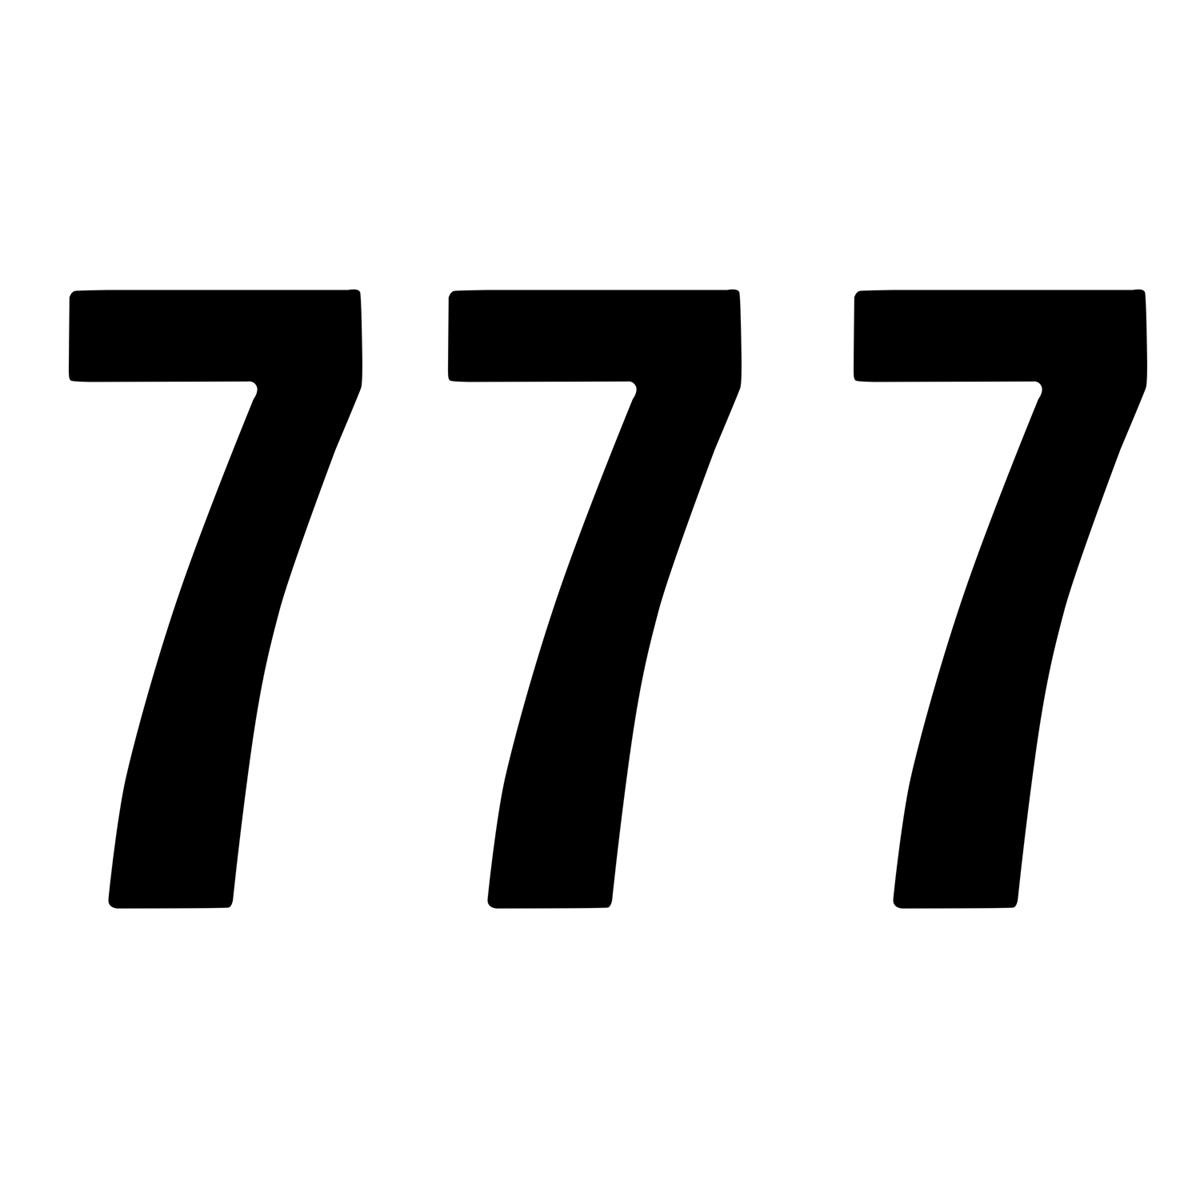 ZAP Startnummer-Set Standard Nummer 7, Schwarz, 15 cm, 3 Stück
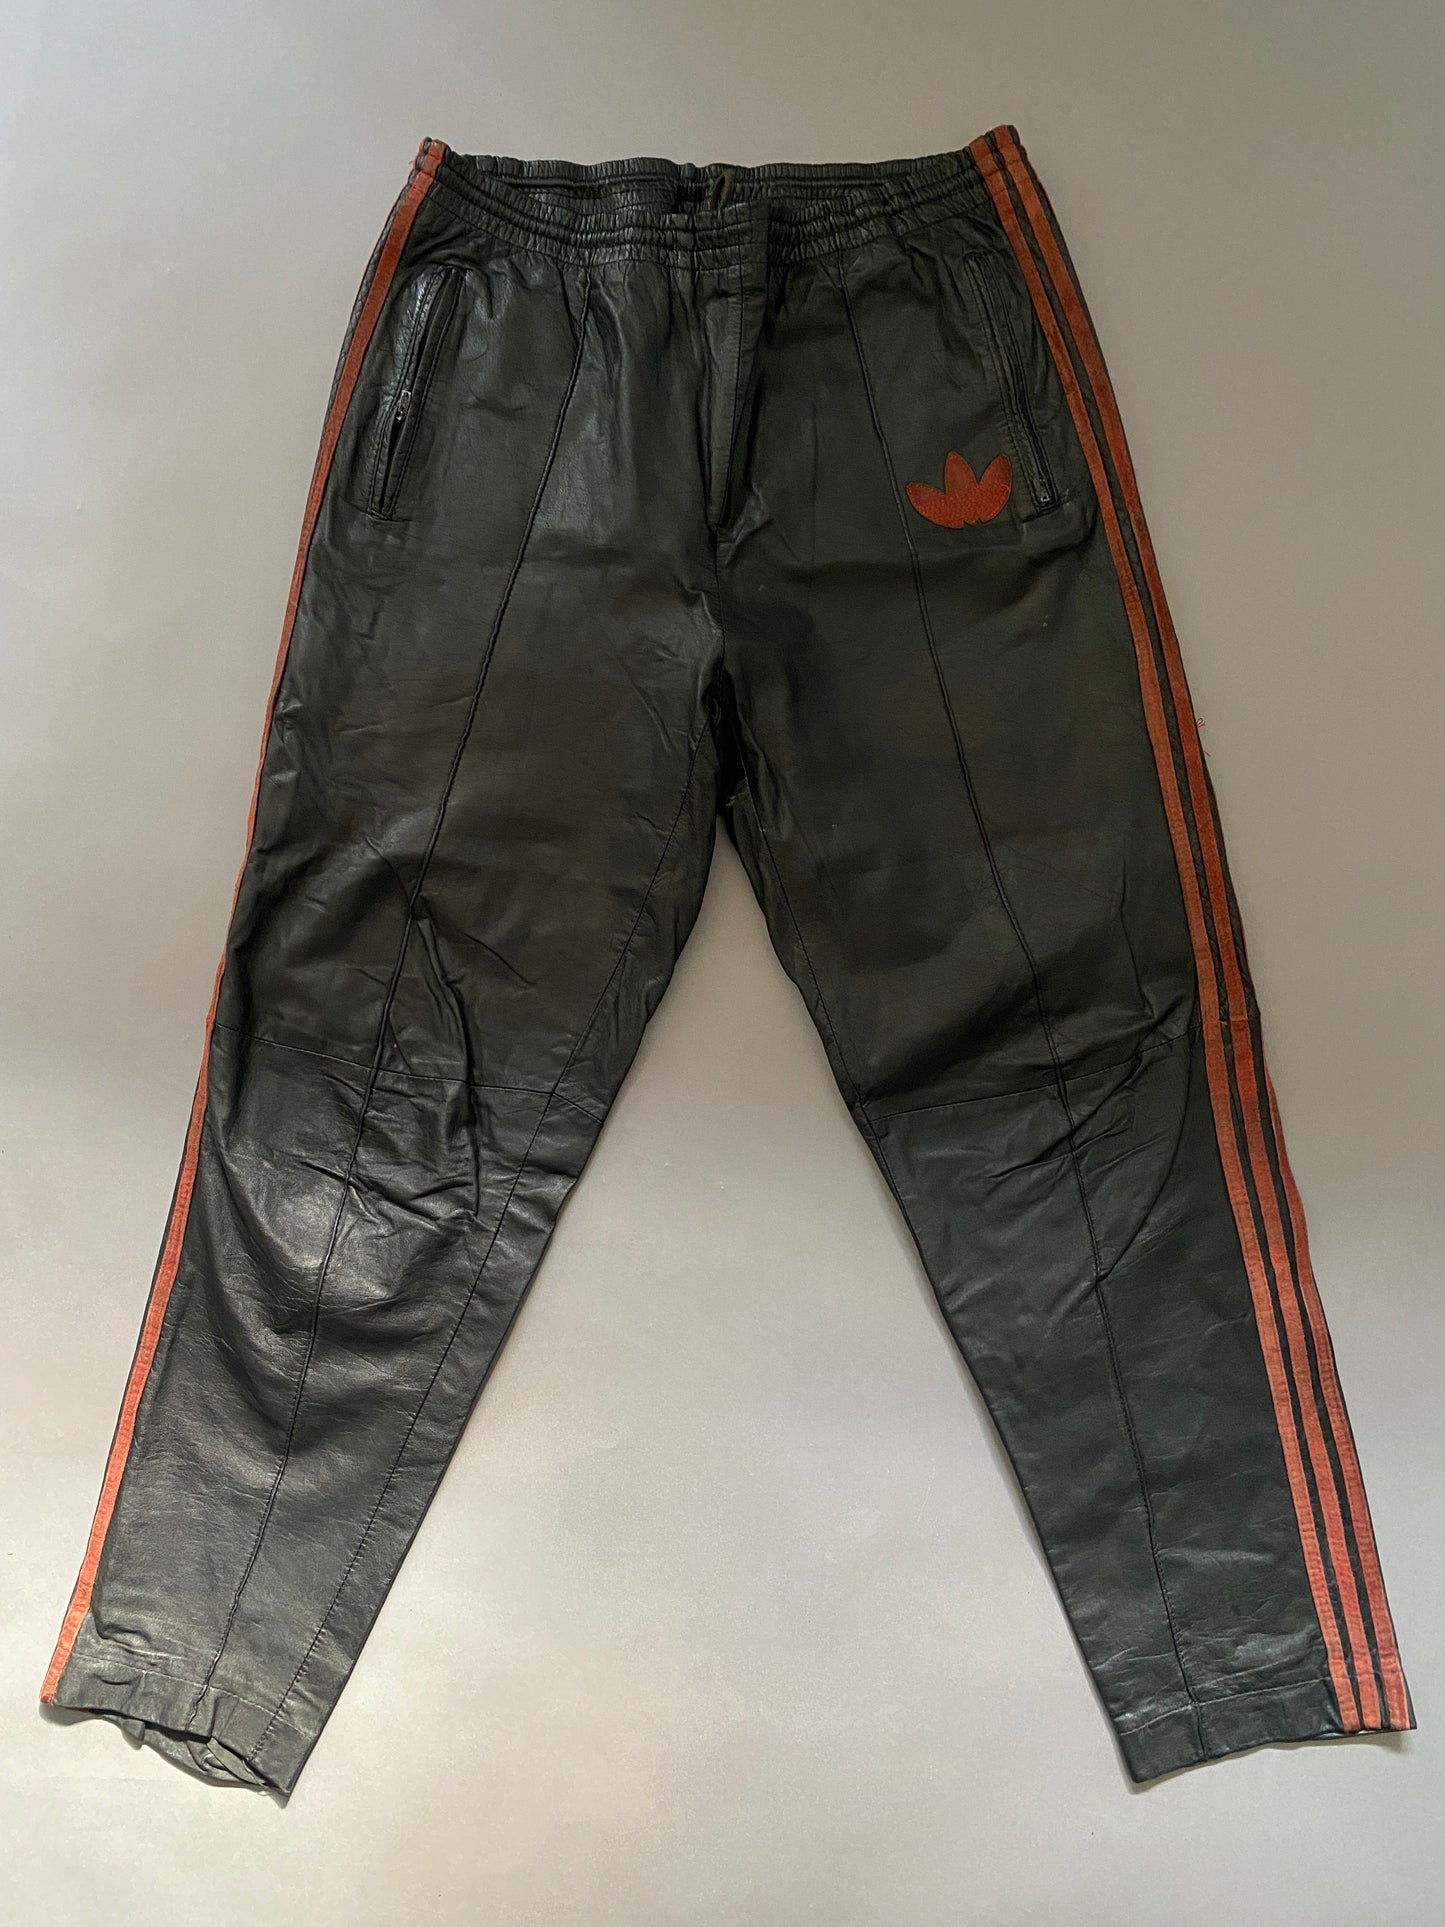 Adidas Leather Trackpants 80's Vintage
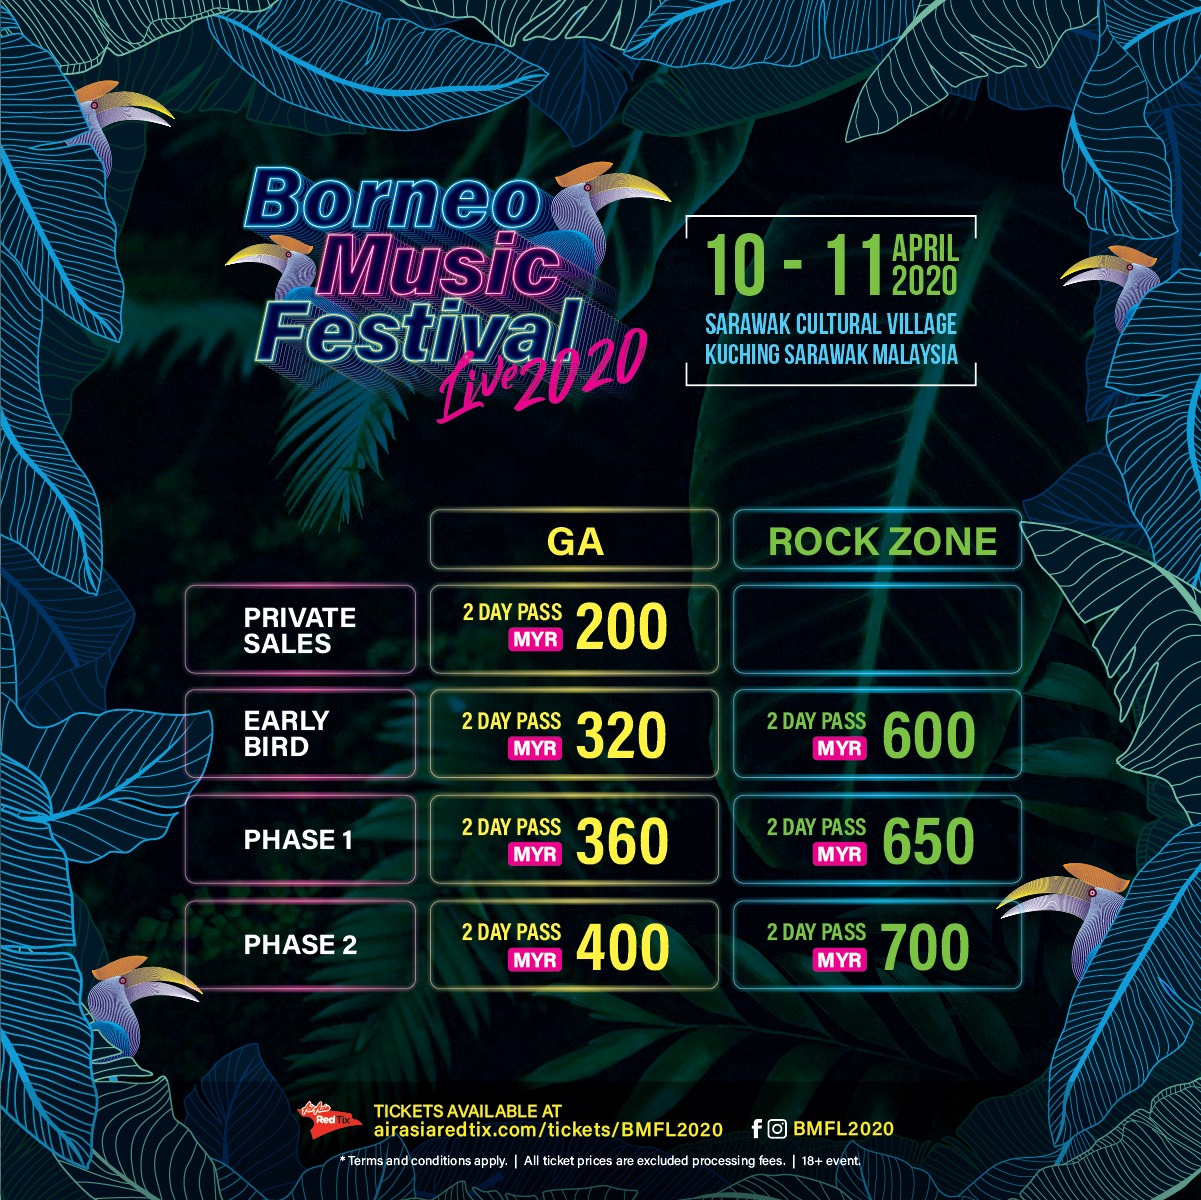  Music Festival Live 2020 ticket

→ WHAT THE EXERCISE ASKS: The reply must consist of the complete listing, reproduced exactly, with no images.

→ SOLUTION TO THE PROBLEM:
 ZAP Startnummer-Set Standard Nummer 7, Schwarz, 15 cm, 3 Stück
 Adidas Leather Trackpants 80's Vintage
  Music Festival Live 2020 ticket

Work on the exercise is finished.